家庭裁判所の観護措置により送致された者などを収容し鑑別を行うほか、必要な観護処遇を行い、また地域社会における非行・犯罪の防止に関する援助を行う施設。ここでいう鑑別とは、家庭裁判所の行う少年に対する調査や審判、また保護処分の執行や懲役または禁錮の言渡しを受けた20歳未満の少年に対する刑の執行に資するため、医学、心理学、教育学、社会学その他の専門的知識・技術に基づいて、対象者の非行・犯罪に影響を及ぼした資質上・環境上問題となる事情を明らかにし、またその事情の改善に寄与するため対象者の処遇に資する適切な指針を示すものであるとされる。面接、生育・教育歴などの資料の調査、心理検査、精神および身体医学的診断、行動観察などにより、少年の問題性や改善可能性などが把握される。
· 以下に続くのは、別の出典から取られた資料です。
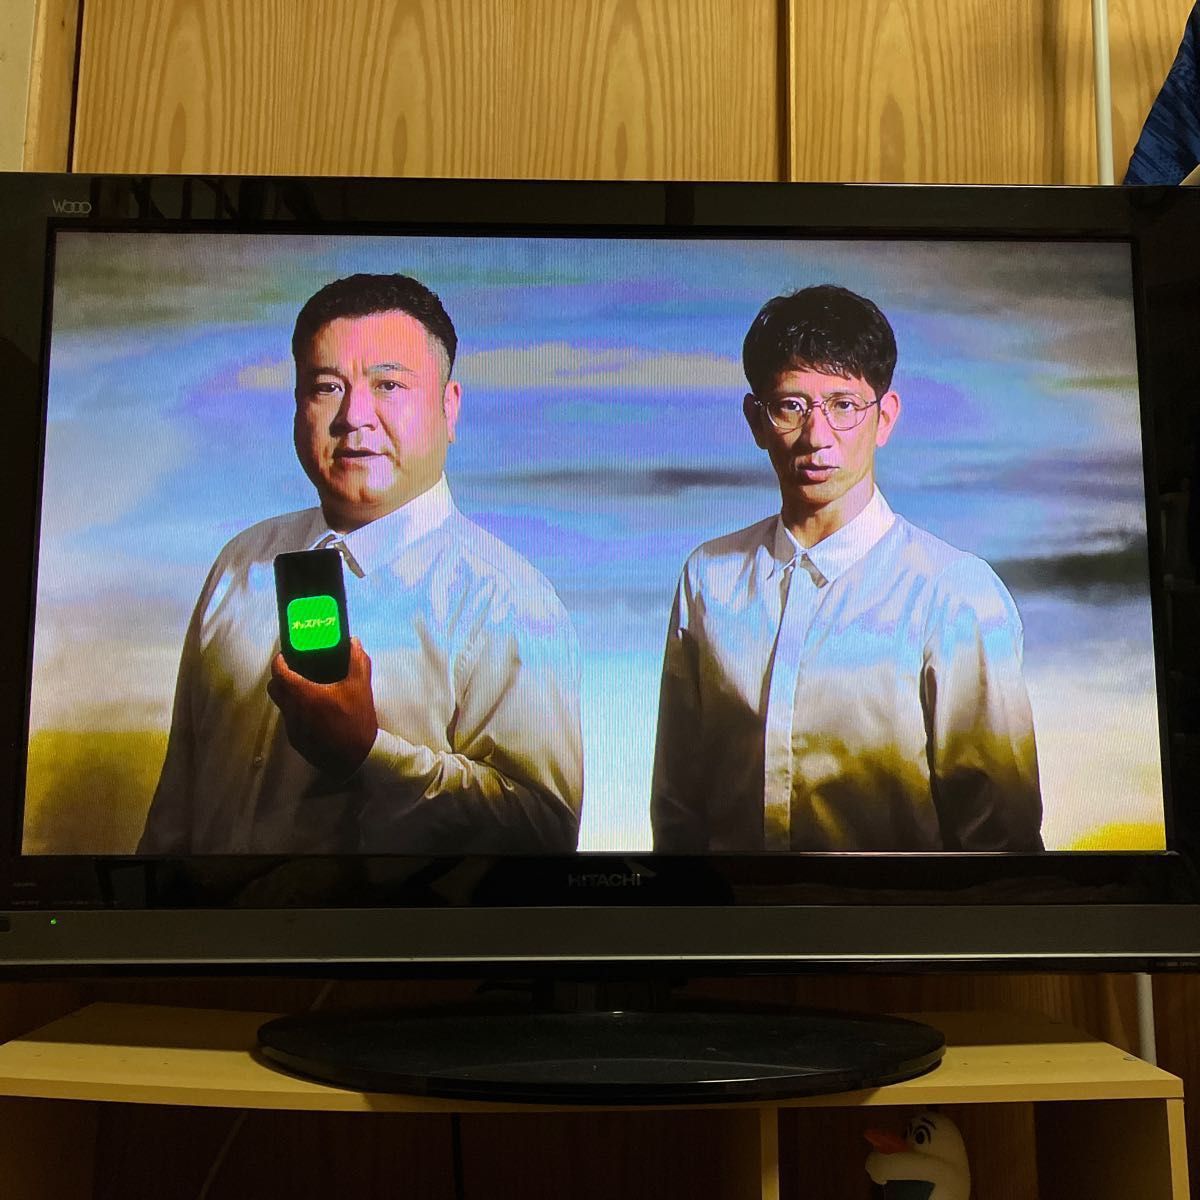 録画可能】HITACHI WOOO 42インチ プラズマテレビ リモコン付き HDD録画-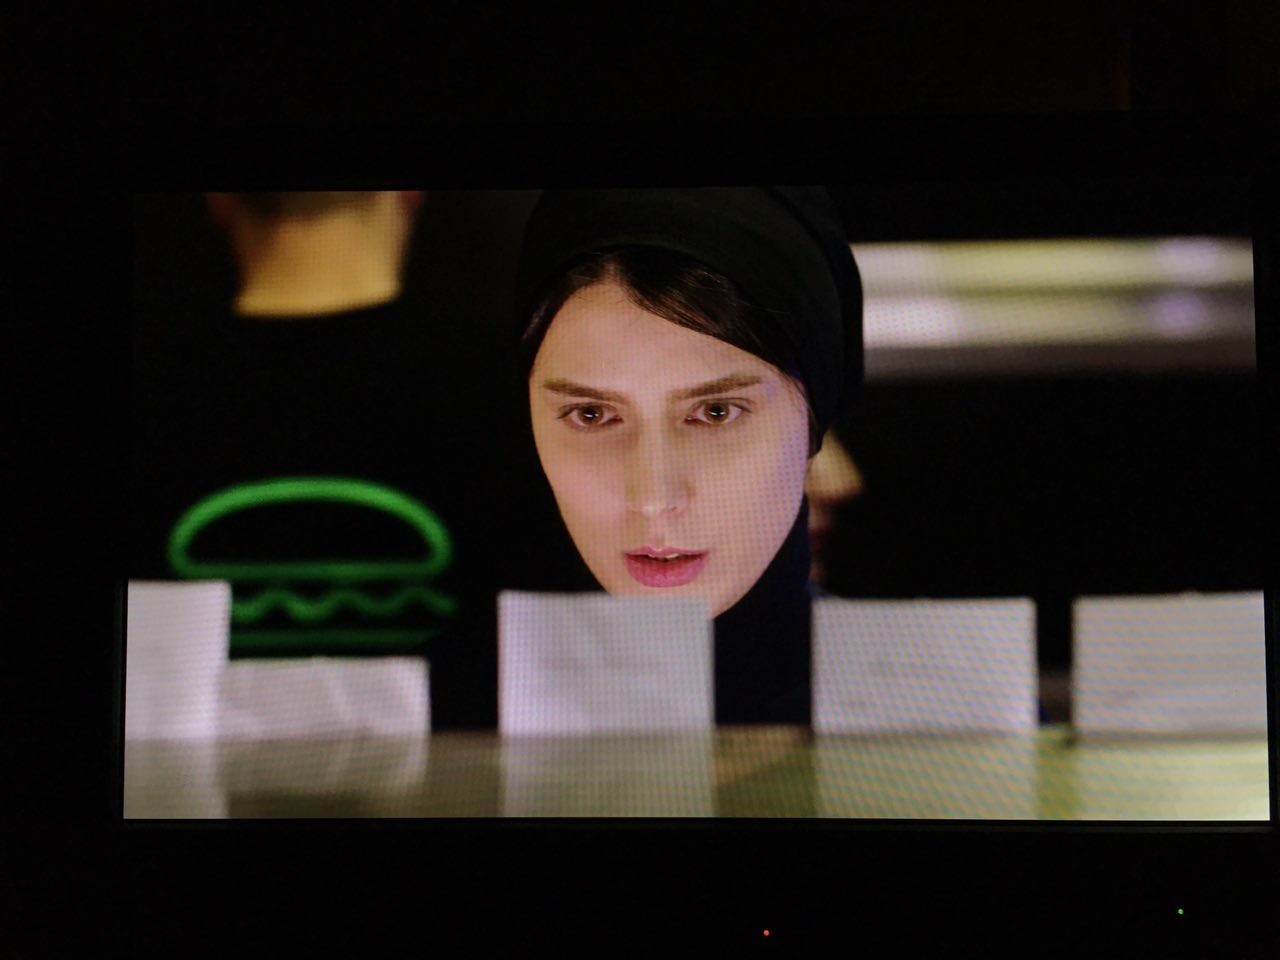 لیلا حاتمی در صحنه فیلم سینمایی رگ خواب

保護処分として終局決定により送致される少年院とは異なる。収容期間は原則として2週間、最長8週間(犯罪少年による禁錮以上の刑にあたる罪の事件で一定の要件を満たした場合)で、成人の場合の勾留(こうりゅう)の機能も果たす。2015年(平成27)6月施行の少年鑑別所法(平成26年法律第59号)に基づく。かつては1948年(昭和23)に制定された旧少年院法に少年鑑別所に関する規定がわずかに置かれていたのみであったが、少年鑑別所の機能の進展、少年院と少年鑑別所の性格の相違等を鑑(かんが)み、2014年に独立した法律として少年鑑別所法が定められた。すべて国立の施設で、法務大臣の管理下にあり、2015年の時点で、52庁(分所1庁を含む)を数える。調査結果は、審判、保護処分決定、少年院・保護観察における処遇などの資料になる。なお、法務少年支援センターとして身柄の収容を伴わない対象者に対する鑑別、また一般家庭や学校などから少年に関する相談を受けた場合に、必要な情報の提供、助言その他の援助も行っている。[小西暁和]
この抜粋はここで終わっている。